Alert on repeated ping failures

I'd like to set up:

  1. a dashboard showing the ping status of a number of systems (perhaps a table of system names and their status)
  2. alerts indicating when systems have stopped responding to the last X ping attempts.

I currently have Heartbeat pinging a number of systems and am getting an index with @timestamp, but it's not clear to me how to set up the alerts or dashboard from there. Any help would be appreciated.

You can build your own dashboards in Kibana. I would start with the Time Series Visual Builder if I were creating a new visualization.

This is one that I use with Heartbeat.

Then for Altering I use Watcher which is part of X-Pack. This will create a watch that queries the data every 60s and looks for hosts that were down and sends me a Slack notification.

PUT _xpack/watcher/watch/heartbeat-monitor-status-down
{
    "trigger": {
      "schedule": {
        "interval": "1m"
      }
    },
    "input": {
      "search": {
        "request": {
          "search_type": "query_then_fetch",
          "indices": [
            "heartbeat-*"
          ],
          "types": [],
          "body": {
            "size": 0,
            "query": {
              "bool": {
                "must": [
                  {
                    "term": {
                      "monitor.status": {
                        "value": "down"
                      }
                    }
                  }
                ],
                "filter": [
                  {
                    "range": {
                      "@timestamp": {
                        "from": "now-1m"
                      }
                    }
                  }
                ]
              }
            },
            "aggregations": {
              "by_monitors": {
                "terms": {
                  "field": "monitor.id",
                  "size": 10,
                  "min_doc_count": 1
                }
              }
            }
          }
        }
      }
    },
    "condition": {
      "compare": {
        "ctx.payload.hits.total": {
          "gt": 0
        }
      }
    },
    "actions": {
      "notify-slack": {
        "throttle_period_in_millis": 900000,
        "slack": {
          "account": "monitoring",
          "message": {
            "from": "Heartbeat",
            "text": "Some hosts are unresponsive.",
            "dynamic_attachments": {
              "list_path": "ctx.payload.aggregations.by_monitors.buckets",
              "attachment_template": {
                "color": "warning",
                "title": "{{key}}",
                "text": "Total events: {{doc_count}}"
              }
            }
          }
        }
      }
    }
}
1 Like

@andrewkroh, thanks for your reply. I'm not sure how to re-create your dashboard, though:

For the ICMP RTT Times time series visual builder what are you specifying for the aggregation and grouping?

For the up and down count, I guess these are Data > Metric visualizations, but what do you specify for the metrics/buckets?

For the alert, where does that definition go? Can I enter that in through the Kibana interface?

I guess under New Watch I should choose Advanced Watch vs. Threshold Alert to be able to enter the JSON definition.

I built mine before TSVB existed so I used a Line Chart. But conceptually they will be the same. It's a metric agg on the max icmp.rtt.us value. And each line represents a single monitor.ip so group by that value.

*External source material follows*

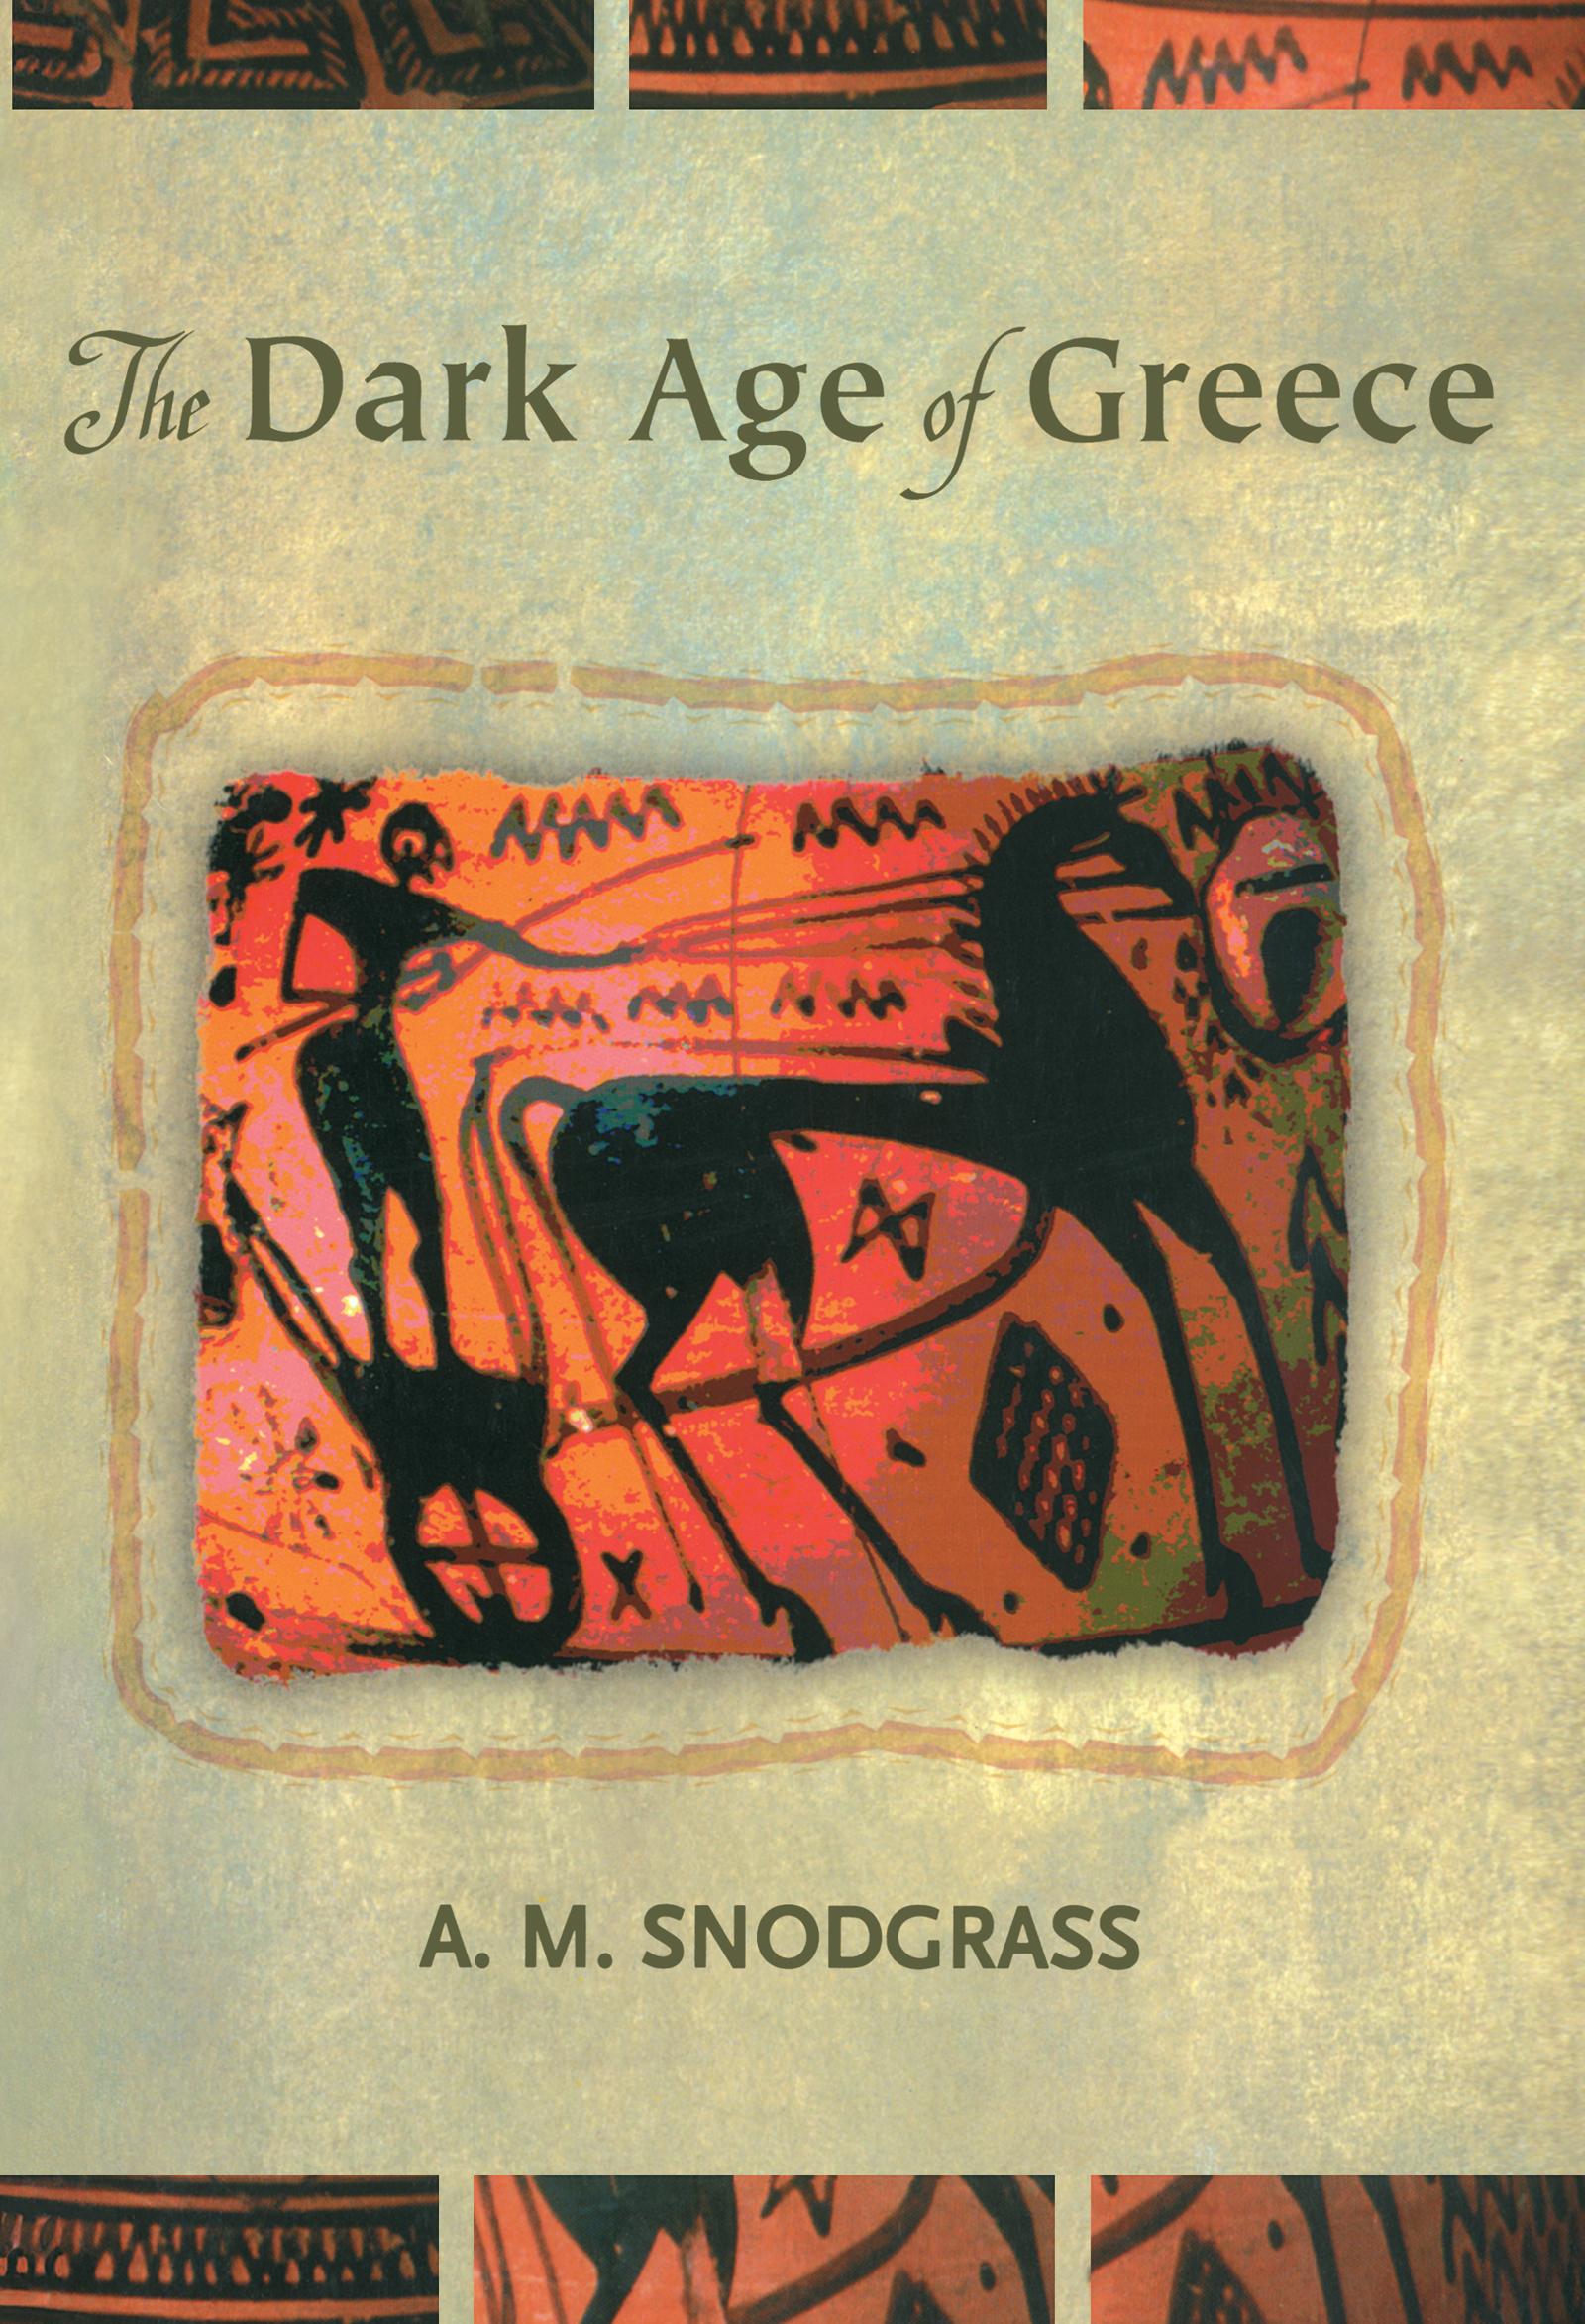 The Dark Age of Greece

The up/down metrics are unique counts of the monitor.id with a query of either monitor.status:up or monitor.status:down.

Ok, thanks.

I haven't managed to reproduce the line chart. On the Metrics Y-axis I have max icmp.rtt.us. In the Buckets section I have X-Axis date histogram by @timestamp, 30m interval, and Split Series terms by monitor.host. I see some dots/circles but no lines.

For the up/down metrics I managed to get something approximately like what you have by using a metric of unique count of monitor.id with buckets split group by terms on monitor status. But otherwise I didn't see how/where to specify a query of either monitor.status:up or monitor.status:down ...

monitor.status: up would go into the text box that says "Search...". This will filter things such that the aggregation only includes those that are up.

Thanks Andrew, your screenshot helped me reproduce the line chart.

For the up/down metric, I didn't see any text box that says "Search..." (there's "JSON Input", "Exclude", "Include") but I found under Buckets > Split Group > Aggregation > Filters that I can filter for "monitor.status:down".

But it looks like for the up/down metric to be useful I would also need it to only count ping records that are from the last X minutes only, and it's not clear how to do that at the same time as having that filter.

It’s shown in the image you posted. It’s near the top. Right under “Visualize”.

Ah, thanks Andrew! I didn't realize that that bar was part of the visualization definition ... I was only looking under Data and Options under the index pattern.

This topic was automatically closed 28 days after the last reply. New replies are no longer allowed.